# How to complete this task
Using the material below, print a verbatim copy of every line from the one containing "Sport roof - Defender" through the one containing "Abstract Design 1080p", inclusive, and omit the pictures.

# Data for the task
- Opening Delimiter -

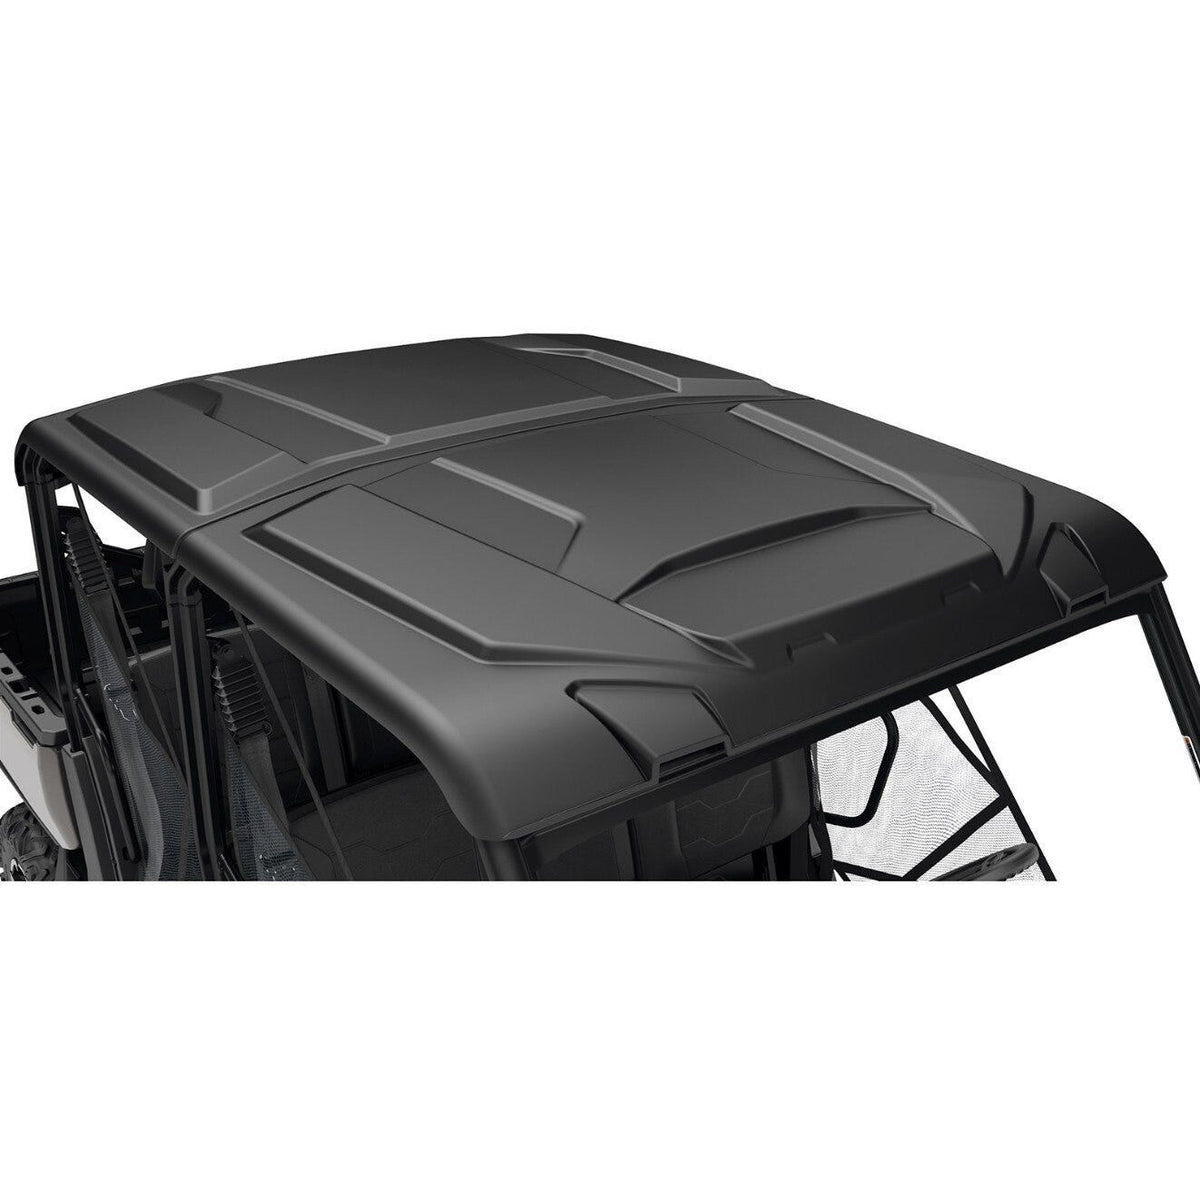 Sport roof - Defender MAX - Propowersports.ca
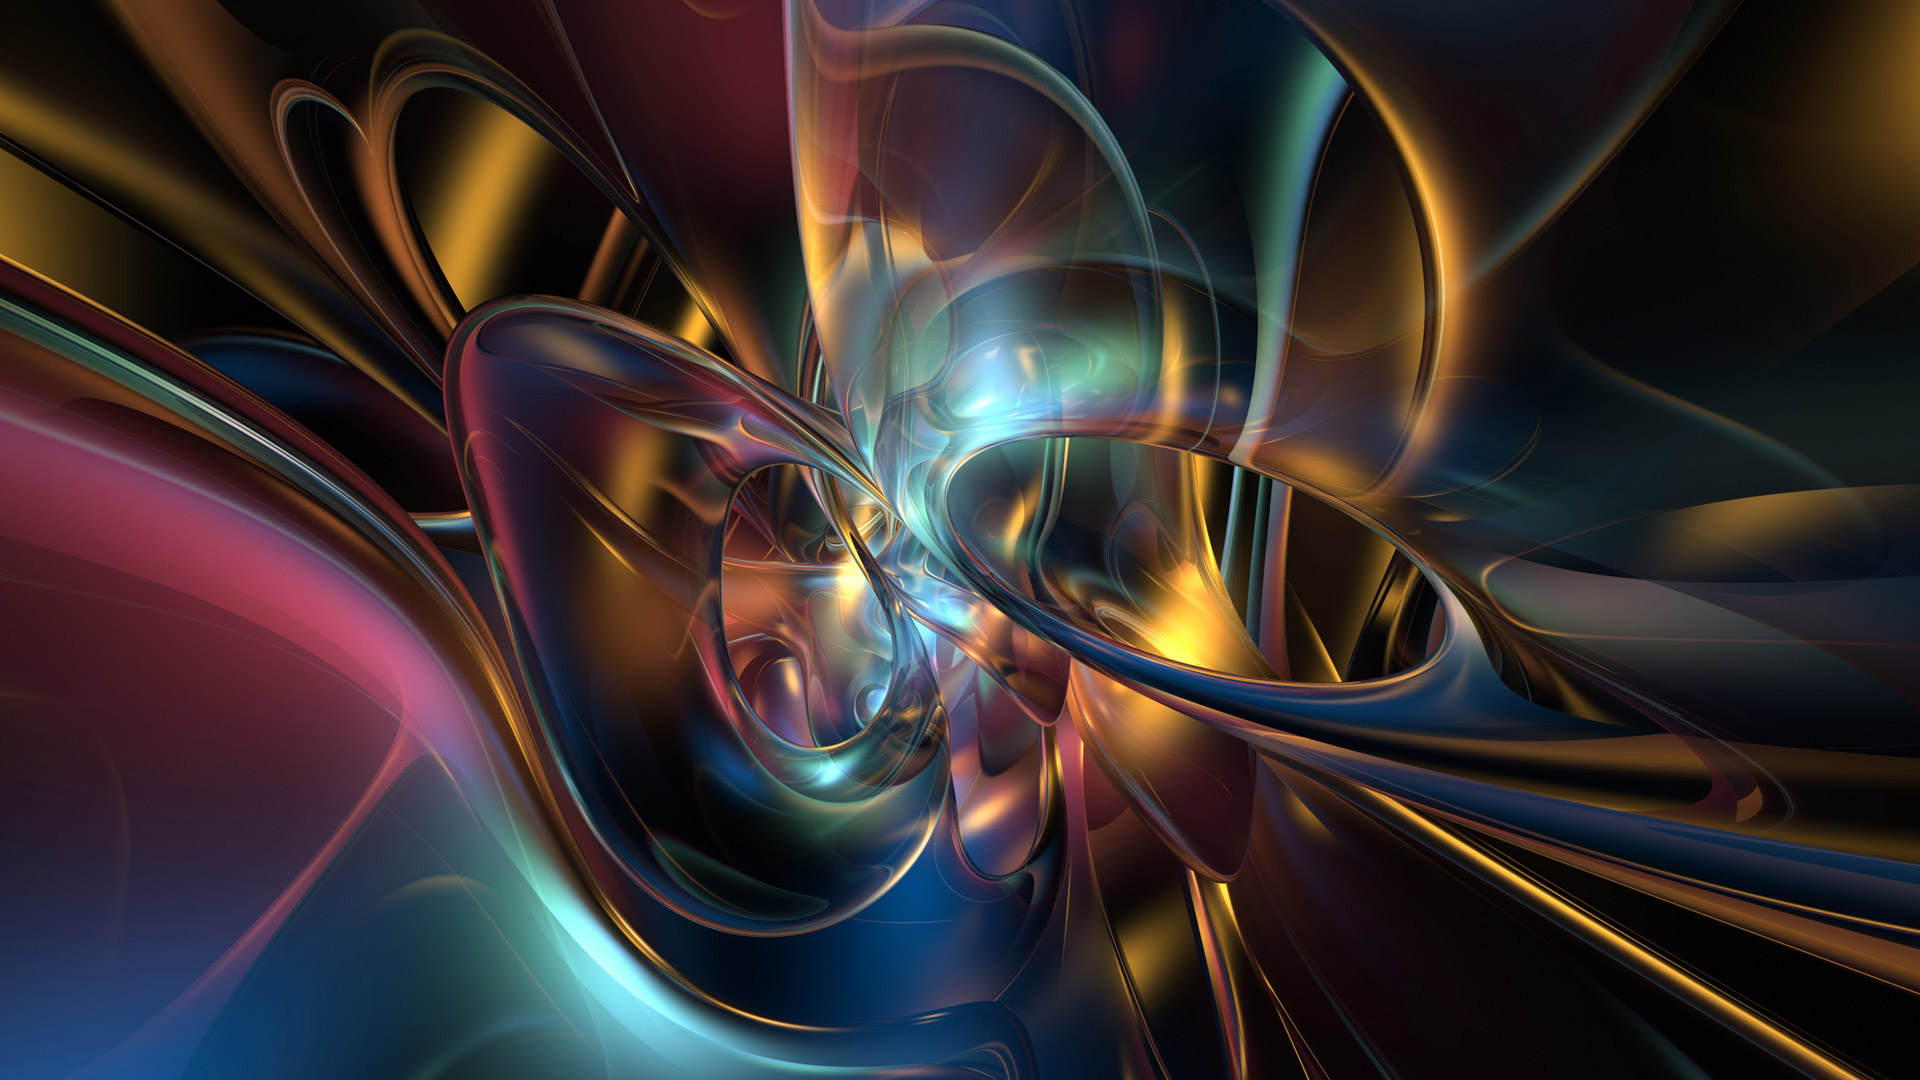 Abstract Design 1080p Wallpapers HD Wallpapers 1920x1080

- Closing Delimiter -
- Opening Delimiter -

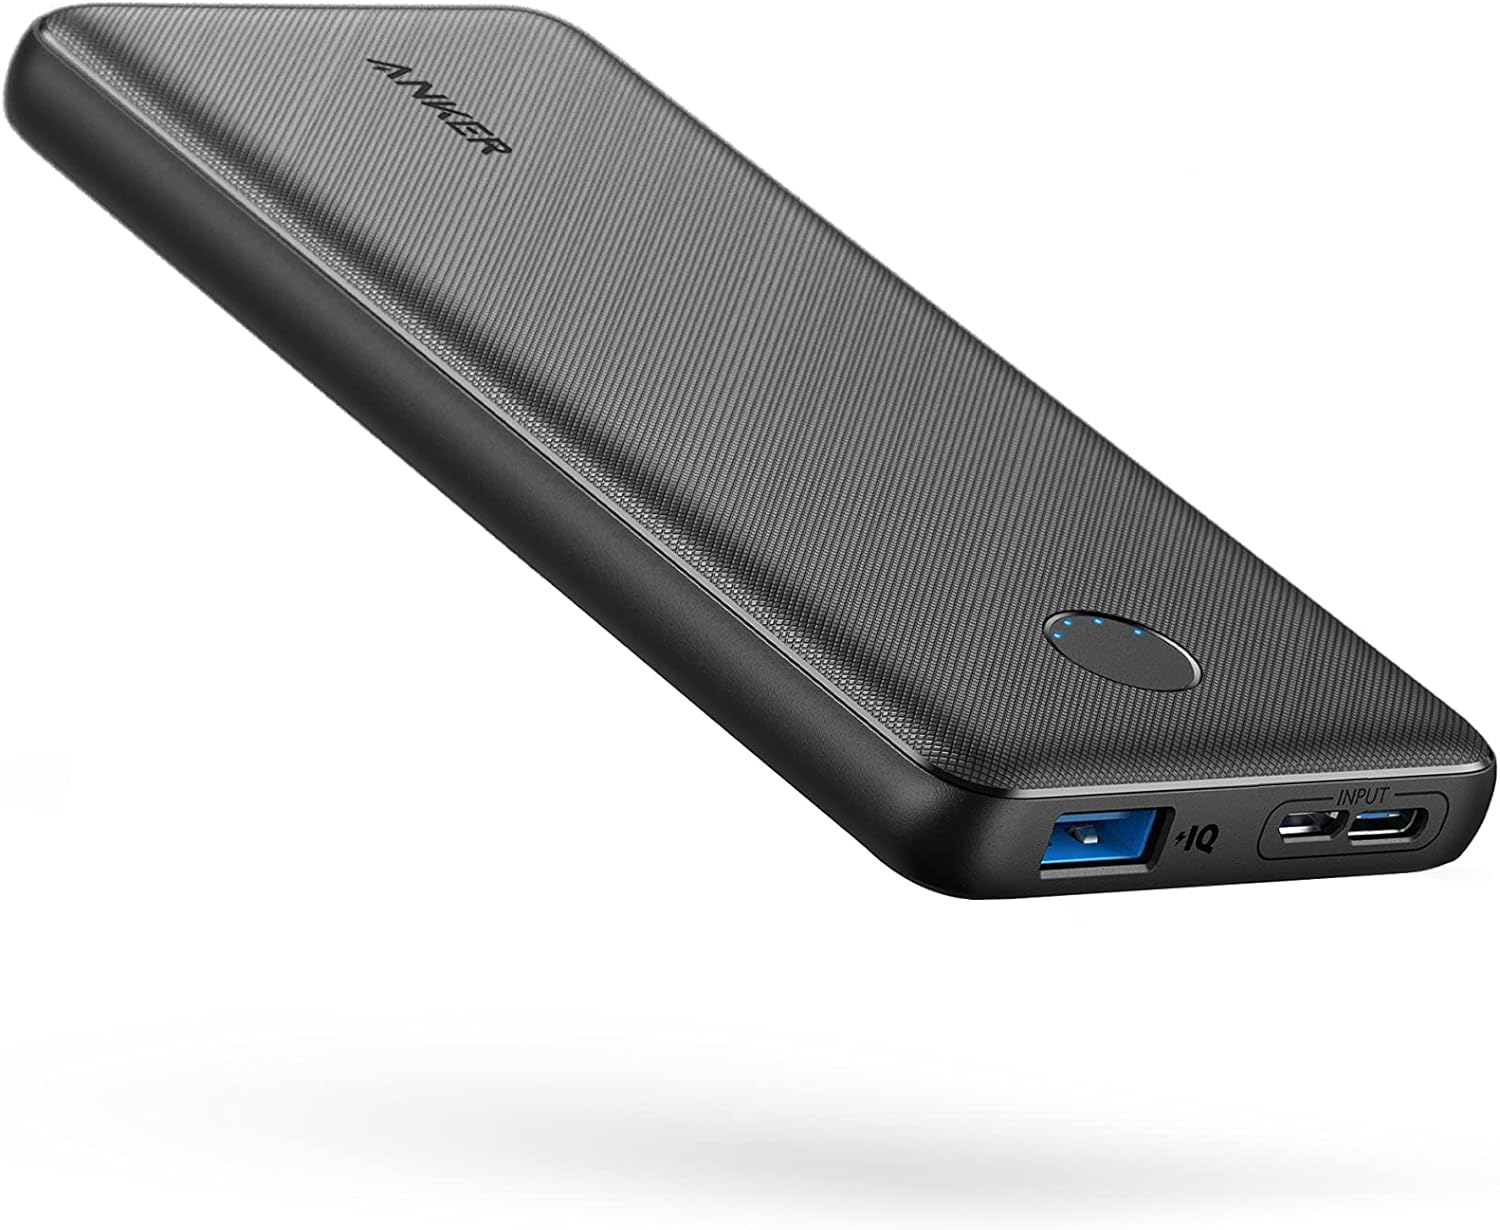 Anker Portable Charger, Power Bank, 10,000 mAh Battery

- Closing Delimiter -

# Your solution
 Sport roof - Defender MAX - Propowersports.ca
 Abstract Design 1080p Wallpapers HD Wallpapers 1920x1080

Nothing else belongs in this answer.